AT&T workers have begun a three-day strike, accusing the company of failing to make fair proposals during contract negotiations. It is the largest strike in the US since 40,000 Verizon workers walked out last year.
On Friday, the Communications Workers of America (CWA) announced that roughly 38,000 AT&T wireless, wireline and DirecTV workers had walked off the job after AT&T failed to “present serious proposals that invest in good jobs with a future.”
“We will no longer stand by as AT&T hems and haws at the bargaining table, keeping its own workers from achieving the American Dream they once promised,” said Dennis Trainor, Vice President of CWA District 1, according to a statement. “This is a warning to AT&T: there’s only one way out of this now – a fair contract – and we’ll settle for nothing less.”
On Wednesday, the CWA issued an ultimatum that wireless workers in 36 states and Washington, DC would go on strike if a deal could not be reached.
The workers were joined by more than 15,000 wireline workers, in California, Connecticut and Nevada, as well as around 2,000 DirecTV technicians across California and Nevada, who staged a one-day grievance strike in March.
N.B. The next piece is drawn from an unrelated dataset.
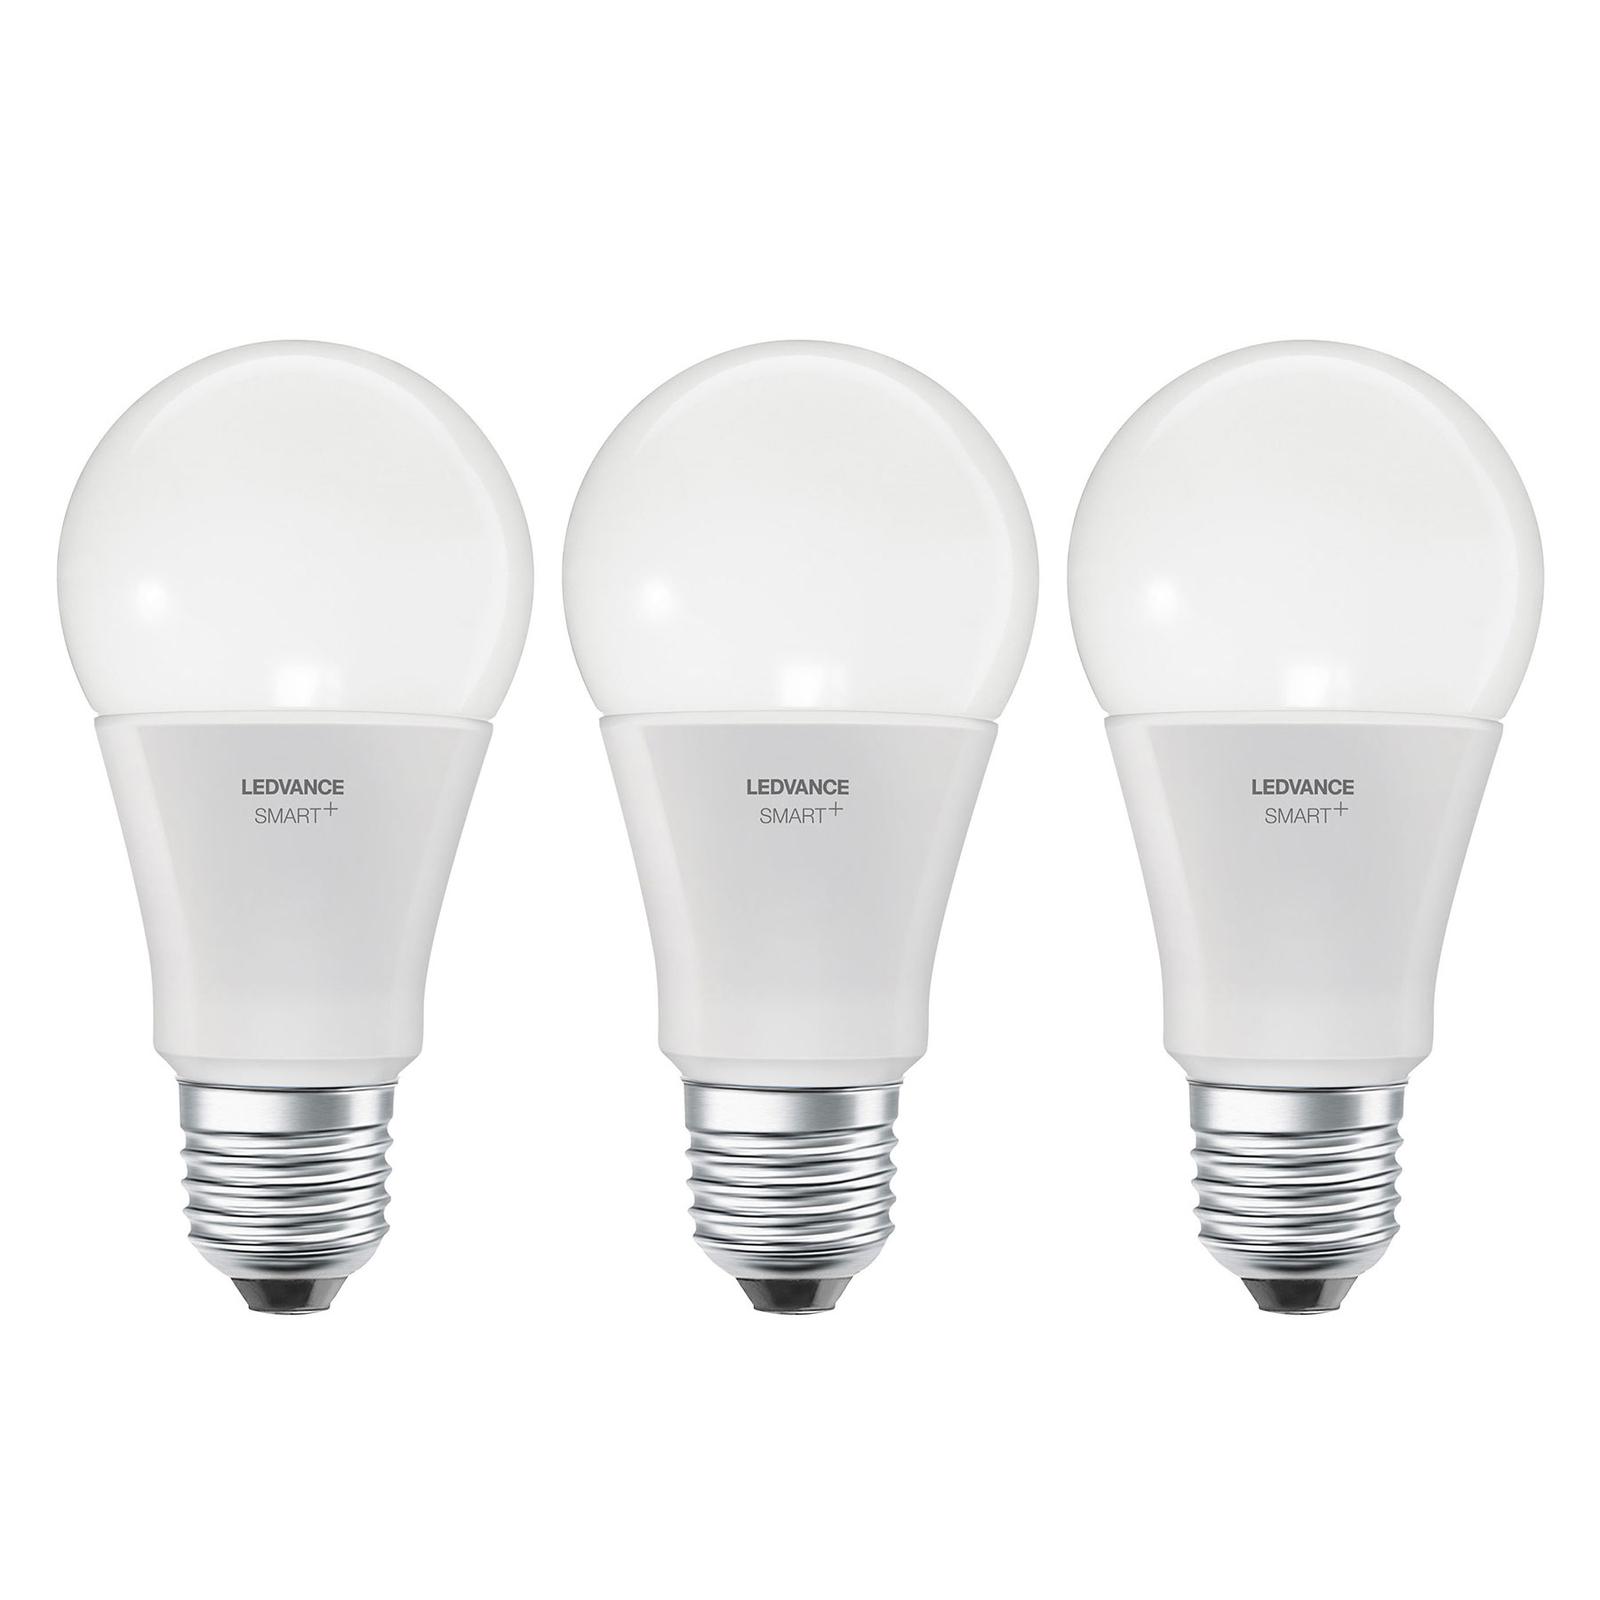 LEDVANCE SMART+ WiFi E27 9,5W Classic CCT 3szt.

Those 17,000 workers have been working without a contract for more than a year.
Contract negotiations have been ongoing since February when an agreement was reached that allowed the union to strike at any time.
AT&T spokesman Marty Richter said the company was offering wage and pension increases and claims that workers are well paid by industry standards, earning $68,000 in annual pay and benefits, twice the salary for retail workers, according to the New York Times.
“A strike is in no one’s best interest, and it’s baffling as to why union leadership would call one when we’re offering terms in which our employees in these contracts … will be better off financially,” AT&T spokesman Marty Richter told Reuters.
As a part of the contract negotiations, the workers are demanding wage increases, affordable healthcare, a fair scheduling policy and job security from outsourcing.
The union cites a recent report that found 12,000 employees, or about 30 percent of the employees across all business divisions, have had their jobs outsourced since 2011. The report claims that the company’s widespread outsourcing has contributed to an overall decrease in wages across the company.
“Our fight for a fair contract is about more than just my co-workers and me – it’s about fighting a system that’s been rigged against us and way too many others for far too long,” said Mark Bautista, an AT&T wireline worker from El Sobrante, California, according to the statement. “On the picket lines today, I’ll be chanting, ‘No Contract, No Peace,’ until I lose my voice.”
CWA states that the workers will return to their jobs on Monday, but said they are willing to go on an open-ended strike if it “becomes necessary.”